Senior Minister and Provincial Minister of Finance Khyber Pakhtunkhwa
- In office 2 June 2013 – 11 March 2015
- In office 30 November 2002 – 11 October 2007

Provincial Assembly of Khyber Pakhtunkhwa
- In office 31 May 2013 – 11 March 2015
- Constituency: PK-95 Lower Dir
- In office November 2002 – 11 October 2007
- Constituency: PF-95 Lower Dir

Personal details
- Born: 5 September 1962 (age 63) Lower Dir District, Khyber Pakhtunkhwa, Pakistan
- Alma mater: University of Peshawar University of the Punjab
- Occupation: Politician

= Siraj-ul-Haq =

Pakistani politician

Siraj-ul-Haq (Pashto: سراج الحق; born 5 September 1962) is a Pakistani politician who was elected as the chief of Jamaat-e-Islami, a religious political party in Pakistan which seeks to establish an Islamic legal system. He also served as the Finance minister of Khyber Pakhtunkhwa twice; first in the cabinet of Chief Minister Akram Khan Durrani, from 2002-2007, and again minister during Pervez Khattak's tenure as Chief Minister.

==Early life and education==
Siraj-ul-Haq was born in Meerzo village of Shabqadar Tehsil in Charsadda District. However, he paternally belongs to Samarbagh in Lower Dir District. His father was a graduate of Darul Uloom Deoband and the superintendent (مہتمم) of a Madrassa. He received his early education in local regional schools and studied political science in the University of Peshawar and MA (Education) from University of Punjab in 1990. At university, he studied the books of Maulana Syed Abul Aala Maududi and Maulana Naeem Siddiqui.

==Political career==
He joined Islami Jamiat-e-Talaba and was the chief of Islami Jamiat-e-Talaba from 1988 to 1991 and has been elected twice as MPA from PK-95 constituency.

He was elected to Khyber Pakhtunkhwa Assembly in the 2002 election from the platform of Muttahida Majlis-e-Amal and was made finance minister in the provincial cabinet under the leadership of Akram Khan Durrani. However, he allegedly resigned in protest against the deadly US drone strike on a madrassa in Bajaur Agency which resulted in the deaths of 86 children. Though the then Ameer Jamat e Islami, Qazi Hussain Ahmad, claimed that it was the party decision to vacate one of the two offices i.e.
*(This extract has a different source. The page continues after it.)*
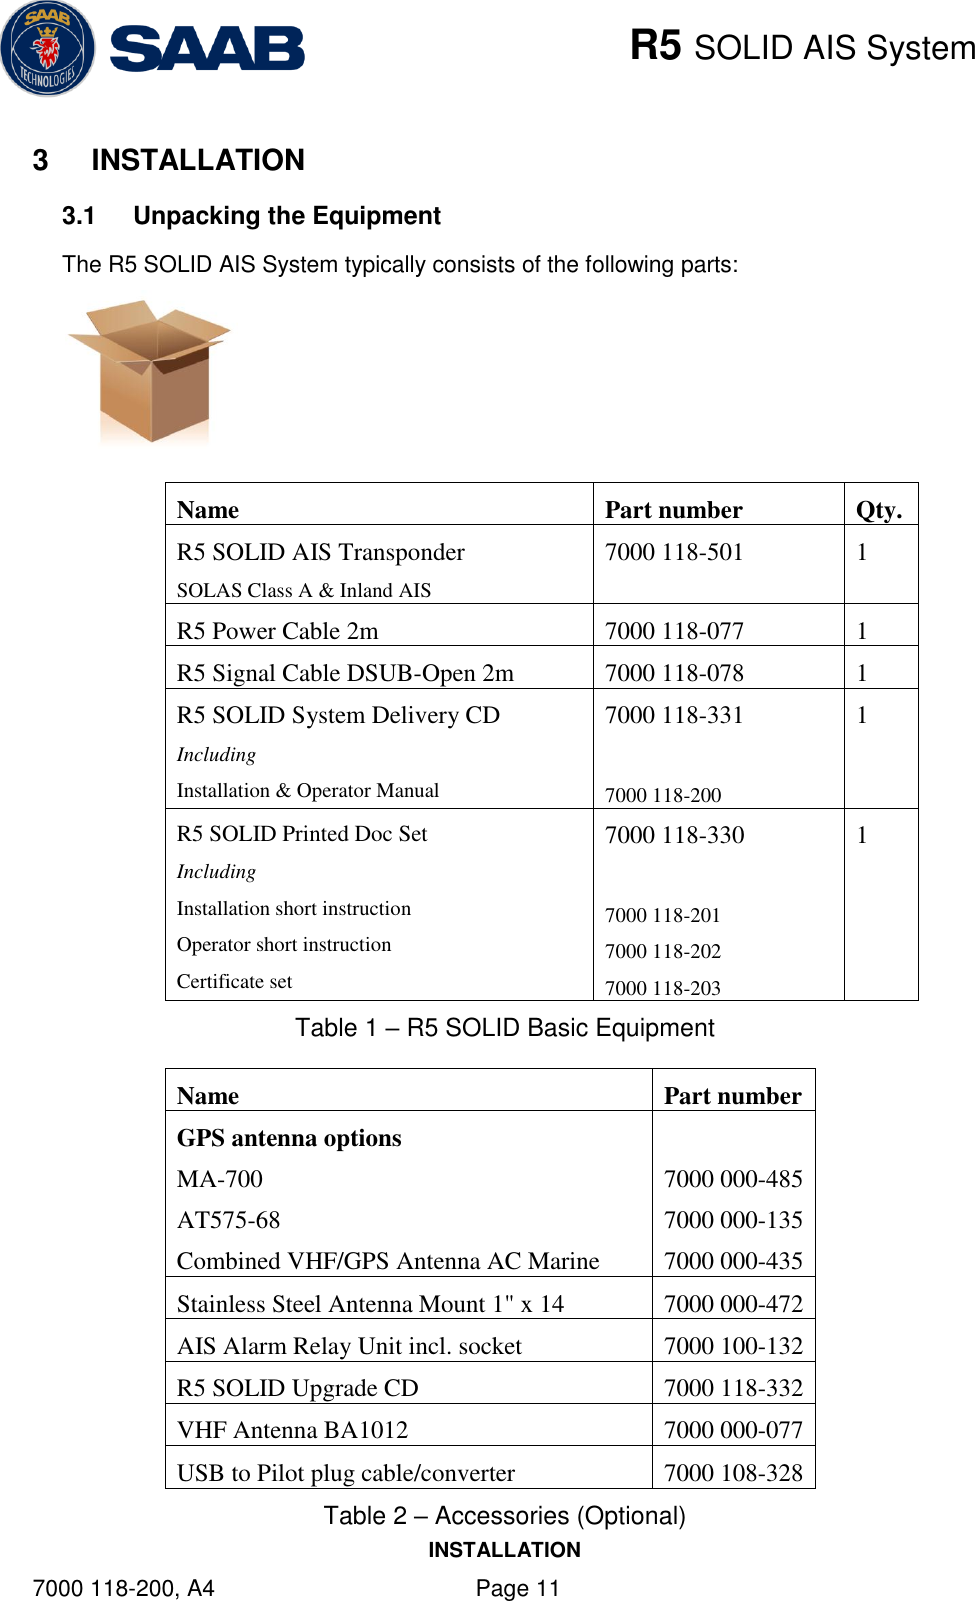    R5 SOLID AIS System INSTALLATION 7000 118-200, A4    Page 11 3  INSTALLATION 3.1  Unpacking the Equipment The R5 SOLID AIS System typically consists of the following parts:  Name Part number Qty. R5 SOLID AIS Transponder SOLAS Class A &amp; Inland AIS 7000 118-501 1 R5 Power Cable 2m 7000 118-077 1 R5 Signal Cable DSUB-Open 2m 7000 118-078 1 R5 SOLID System Delivery CD Including Installation &amp; Operator Manual 7000 118-331  7000 118-200 1 R5 SOLID Printed Doc Set Including Installation short instruction Operator short instruction Certificate set 7000 118-330  7000 118-201 7000 118-202 7000 118-203 1 Table 1 – R5 SOLID Basic Equipment Name Part number GPS antenna options MA-700  AT575-68  Combined VHF/GPS Antenna AC Marine  7000 000-485 7000 000-135 7000 000-435 Stainless Steel Antenna Mount 1&quot; x 14 7000 000-472 AIS Alarm Relay Unit incl. socket 7000 100-132 R5 SOLID Upgrade CD 7000 118-332 VHF Antenna BA1012 7000 000-077 USB to Pilot plug cable/converter 7000 108-328 Table 2 – Accessories (Optional) 
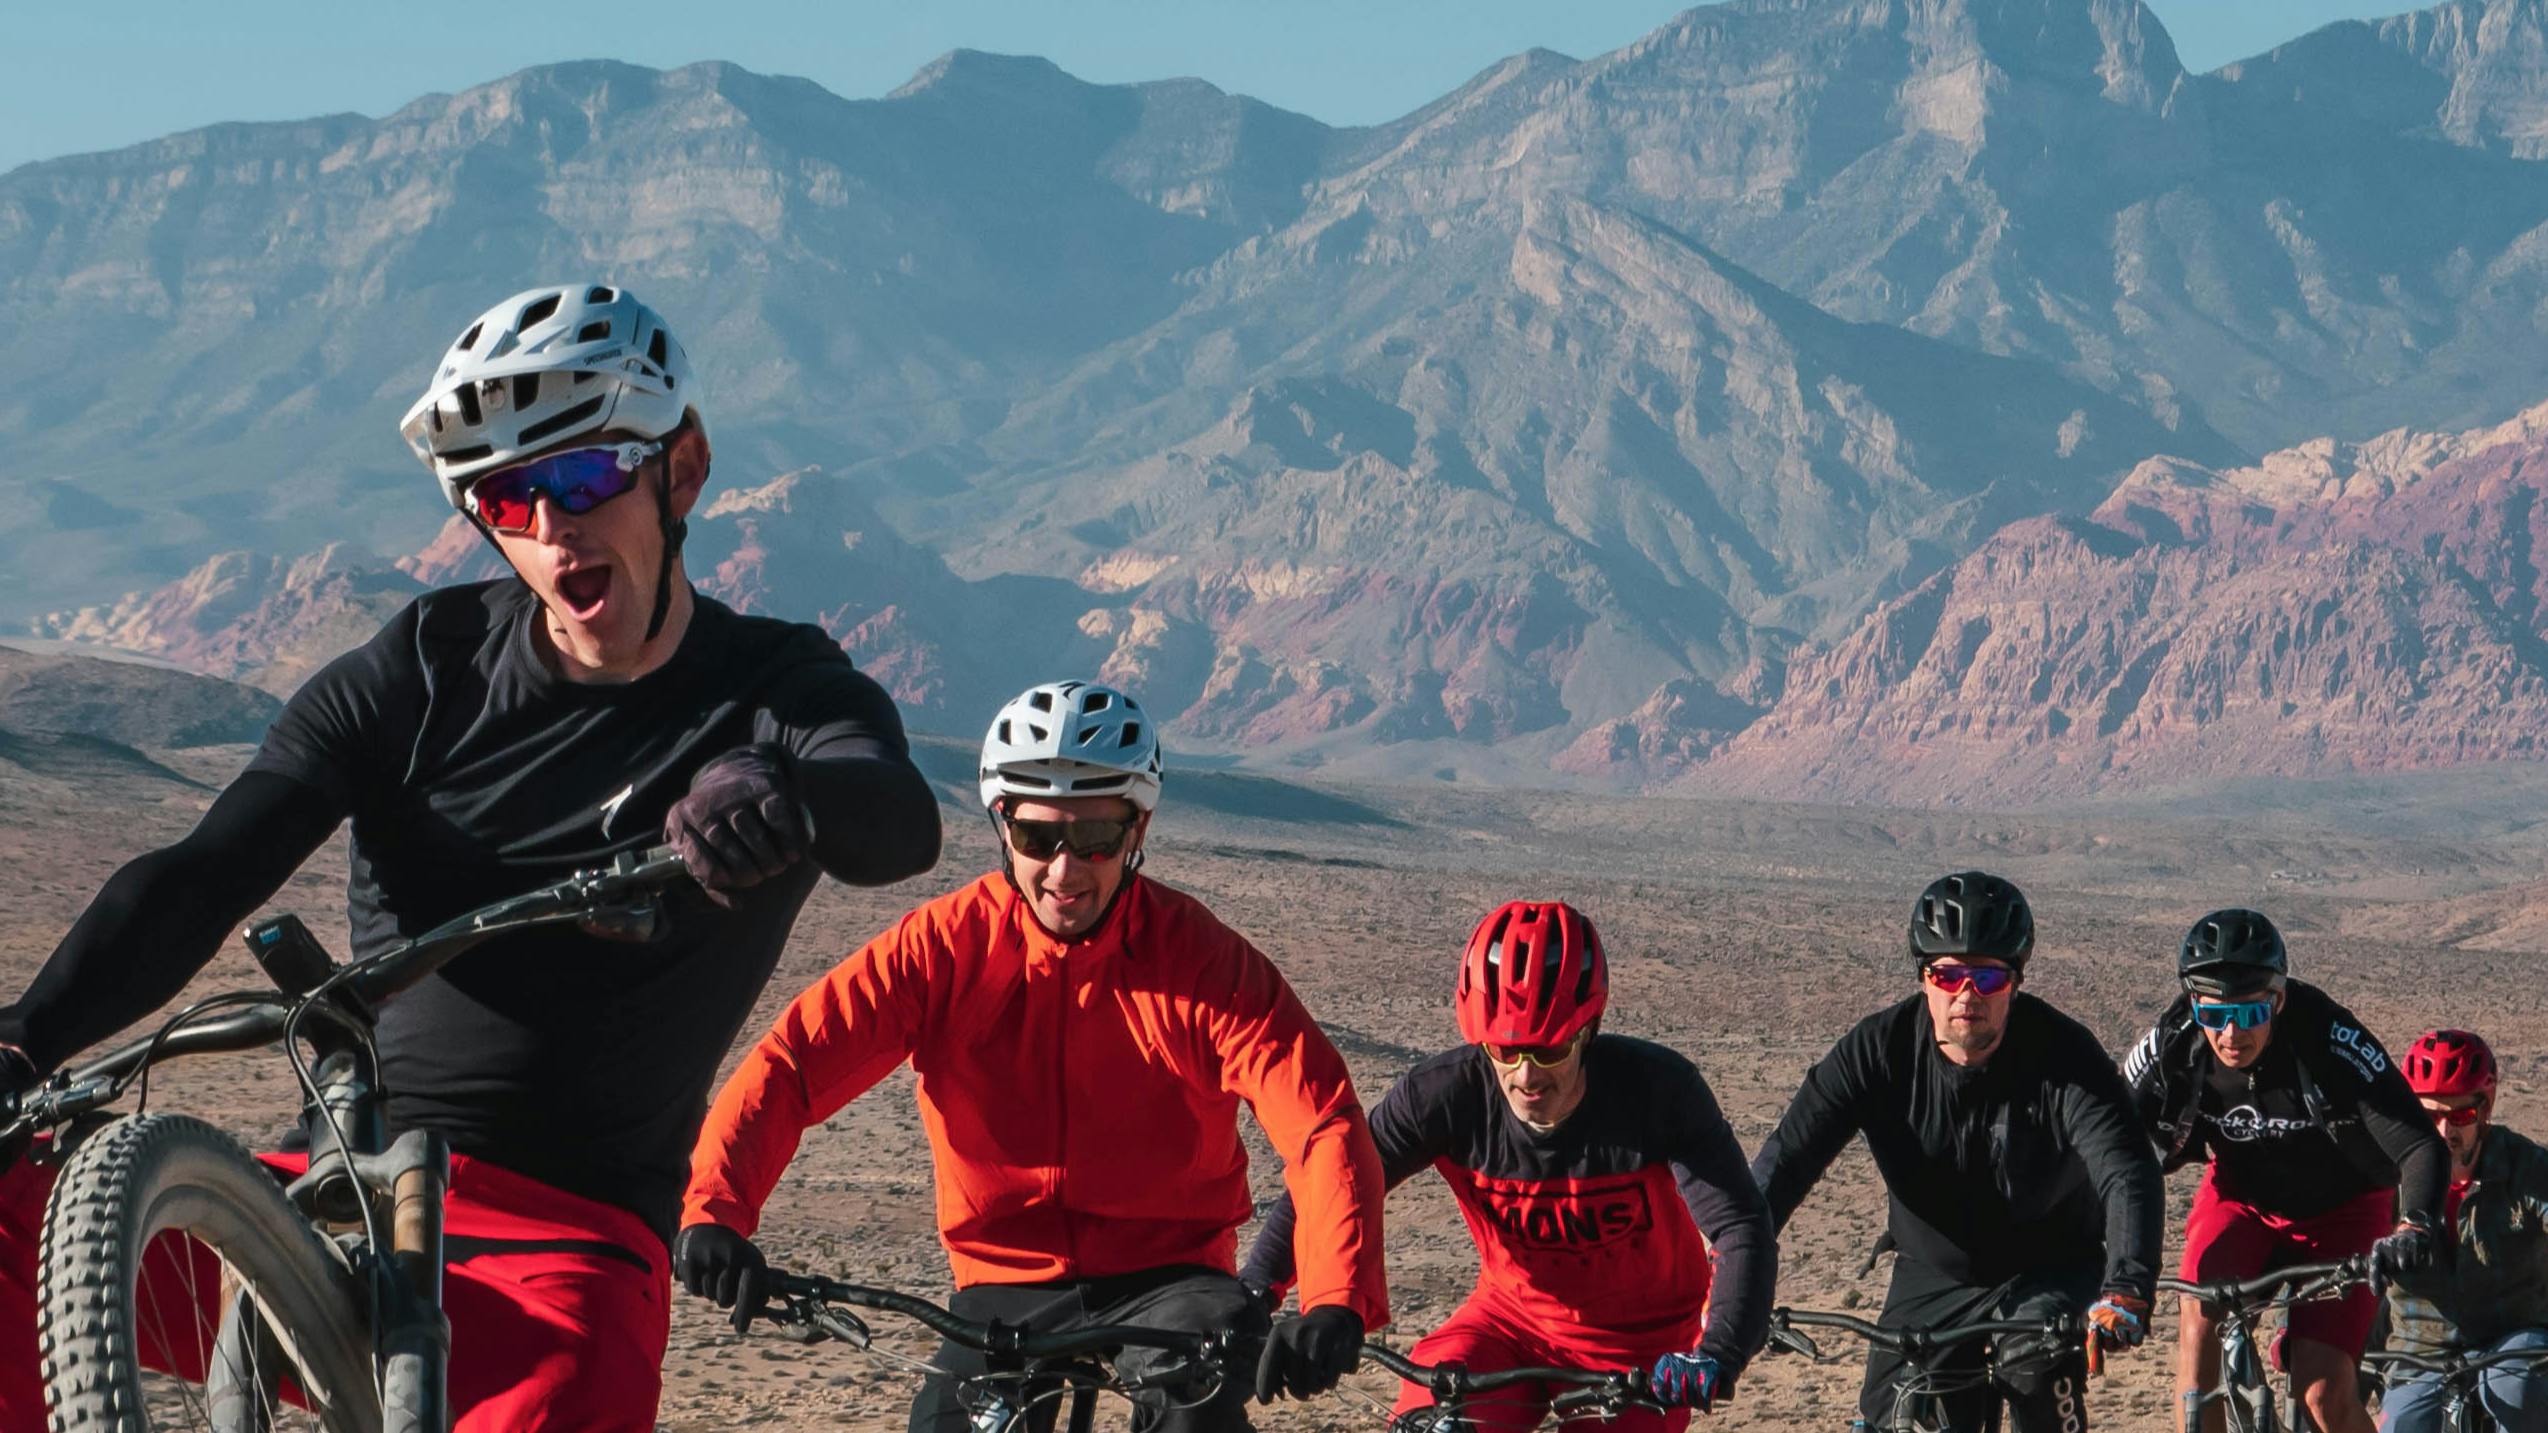 Specialized General Manager Sam Benedict mountain biking and leading a group of five other friends on mountain bikes down a desert path with beautiful, red-tinged mountains in the distance.

Ministry and Ameer Jamat e Islami Khyber Pakhtunkhwa, then N.W.F.P. His party boycotted the 2008 election. In 2013, he contested on Jamaat-e-Islami's ticket and was elected to the assembly.

He remained the Deputy Ameer of Jamaat-e-Islami until 30 March 2014 when he was elected as the Ameer of Jamaat-e-Islami Pakistan. In accordance with party rules whereby intra-party elections are held every five years, he was re-elected as Ameer (chief) of Jamaat-e-Islami in March 2019, until March 2024. He remains immensely popular in his constituency and is known for his modesty among friends and foes alike.

He resigned from the Ministry of Finance in June 2014 right after the budget because, according to party rules, one person cannot hold two offices at the same time. At that time, he was Ameer of Jamaat-e-Islami and Senior Minister in KPK Assembly.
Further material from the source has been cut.